The Altrilaze Soft Tissue Ablation System consists of a generator designed for the delivery of 810nm laser light and a hand held fiber optic light delivery device (probe) fitted with a standard SMA 905 connector at the proximal rond. The system may be used in conjunction with surgical treatment for hemostasis, incision, ablation, coaeglytion and vaporization of tissue as required by the clinician.

Here's a breakdown of the acceptance criteria and study information based on the provided text:

1. Table of Acceptance Criteria and Reported Device Performance

2. Sample Size Used for the Test Set and Data Provenance

The provided text does not specify a sample size for a test set in the context of an algorithm or diagnostic device. This document describes a traditional medical device (a surgical laser system), and the testing performed is related to its physical and functional characteristics, not an AI or diagnostic algorithm applied to data.

Data Provenance: Not applicable in the context of an AI/diagnostic device. The testing involved biocompatibility testing and performance testing of the physical laser system.

3. Number of Experts Used to Establish Ground Truth for the Test Set and Qualifications of Those Experts

This information is not applicable as the device is a surgical laser system, not an AI or diagnostic algorithm that relies on expert interpretation of "ground truth" for a test set. The visual evaluation of lesions on cardiac tissue would likely involve medical professionals (e.g., surgeons, pathologists), but the number and specific qualifications are not detailed.

4. Adjudication Method for the Test Set

This information is not applicable as the device is a surgical laser system, not an AI or diagnostic algorithm that requires adjudication of expert opinions for a test set.

5. If a Multi-Reader Multi-Case (MRMC) Comparative Effectiveness Study Was Done, and the Effect Size

No, a Multi-Reader Multi-Case (MRMC) comparative effectiveness study was not done. This type of study is relevant for evaluating the performance of AI-assisted diagnostic tools where human readers interpret cases, and is not applicable to a surgical laser device described here.
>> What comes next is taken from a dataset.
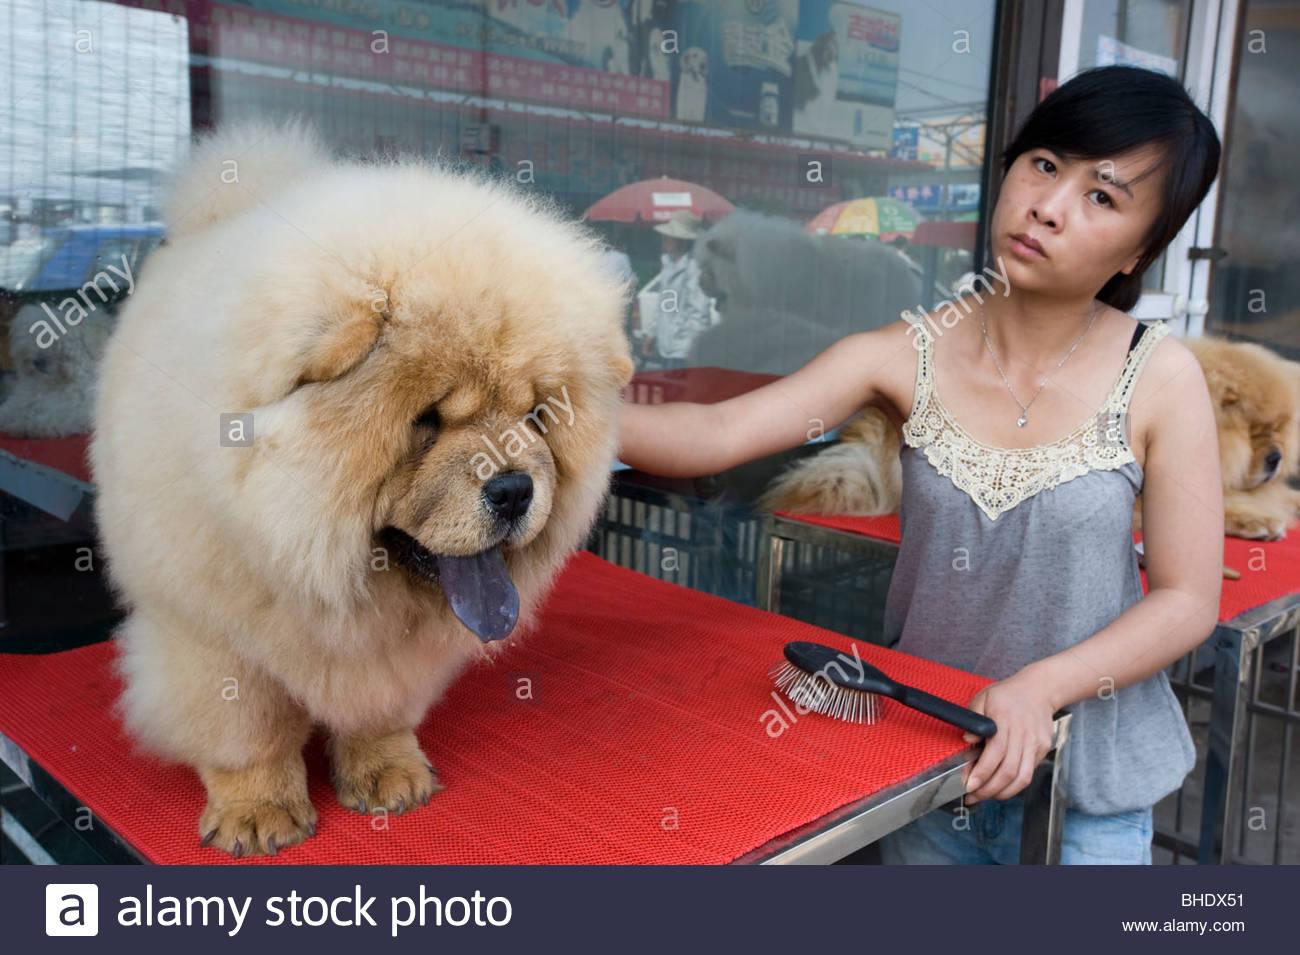 Un Chowchow essendo curato alla 'DONGS Feng Xin' mercato del cane. Pechino, Cina Immagini Stock
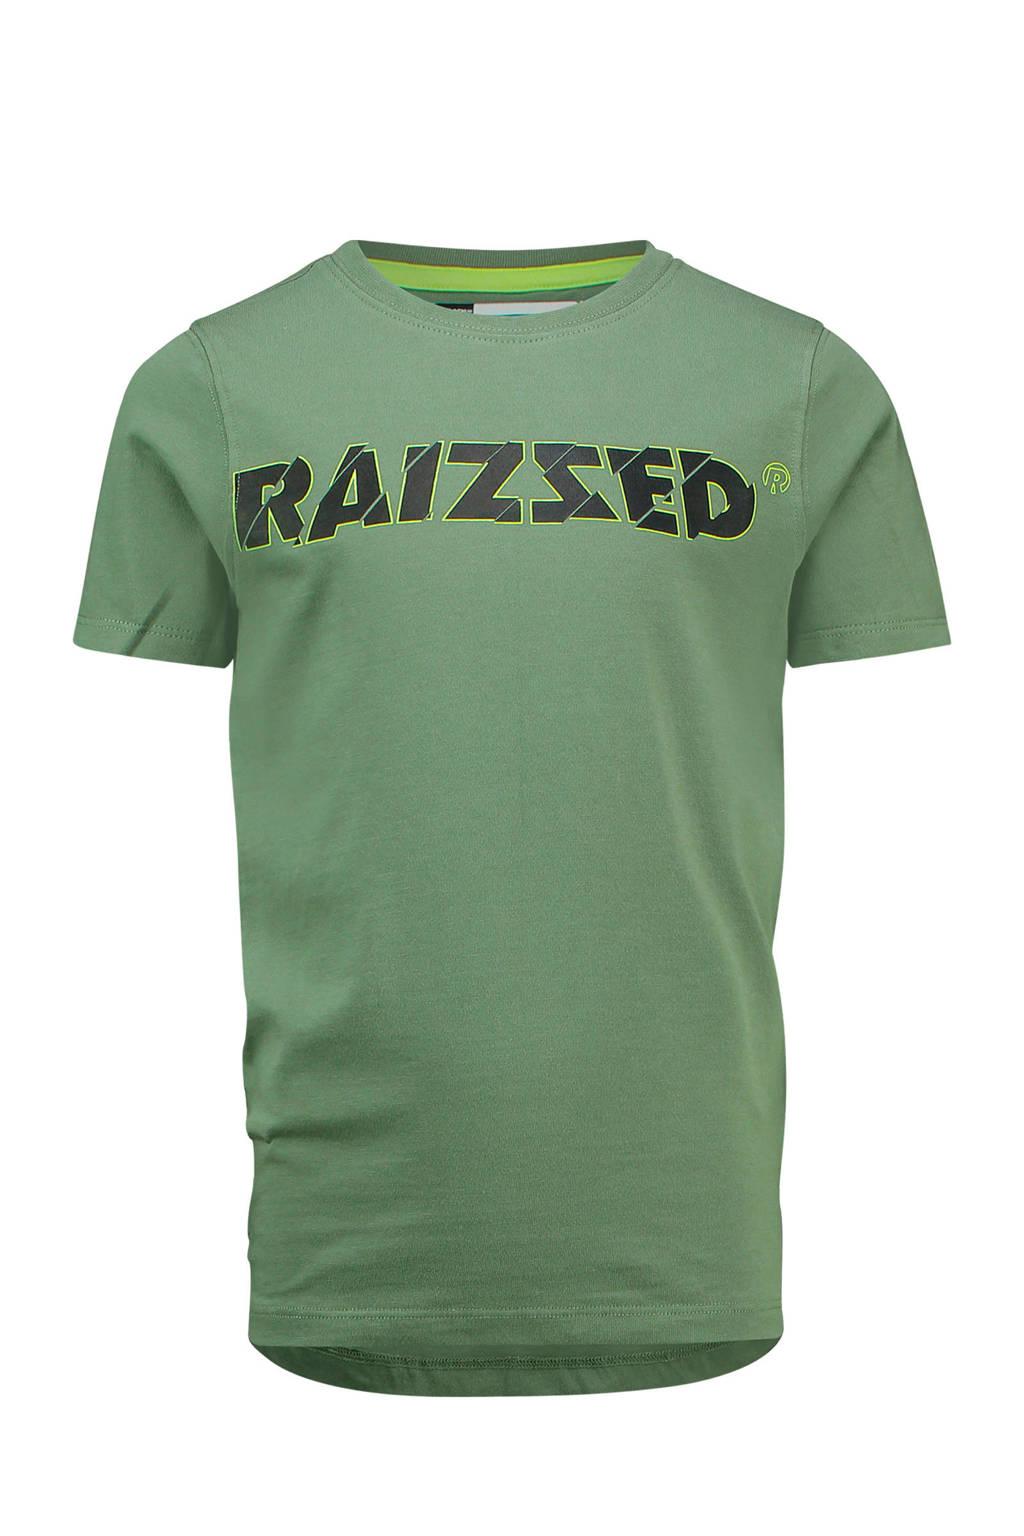 Raizzed T-shirt Helsinki met logo groen, Groen

6. If a Standalone (i.e., algorithm only without human-in-the-loop performance) Was Done

No, a standalone performance study as would be understood for an algorithm was not done. The device is a surgical laser system, and its performance is inherently tied to its use by a clinician.

7. The Type of Ground Truth Used

The "ground truth" in this context refers to the verifiable outcomes of the testing performed on the physical device. This includes:

• Laboratory-established standards for biocompatibility: Demonstrating non-toxicity, non-hemolysis, and non-pyrogenicity.
• Manufacturing specifications: Compliance with objective measurements of power output, tip pull-off strength, pressure, and flow.
• Visual evaluation of tissue effects: Observation of lesions on cardiac tissue, likely compared against expected outcomes for surgical lasers.
• Predicate device performance: The ability to perform equivalently to established predicate devices for soft tissue incision, dissection, vaporization, ablation, and coagulation.

8. The Sample Size for the Training Set

This information is not applicable. The device is a surgical laser system, not an AI or machine learning algorithm that requires a "training set."

9. How the Ground Truth for the Training Set Was Established

This information is not applicable as there is no "training set" for this type of medical device.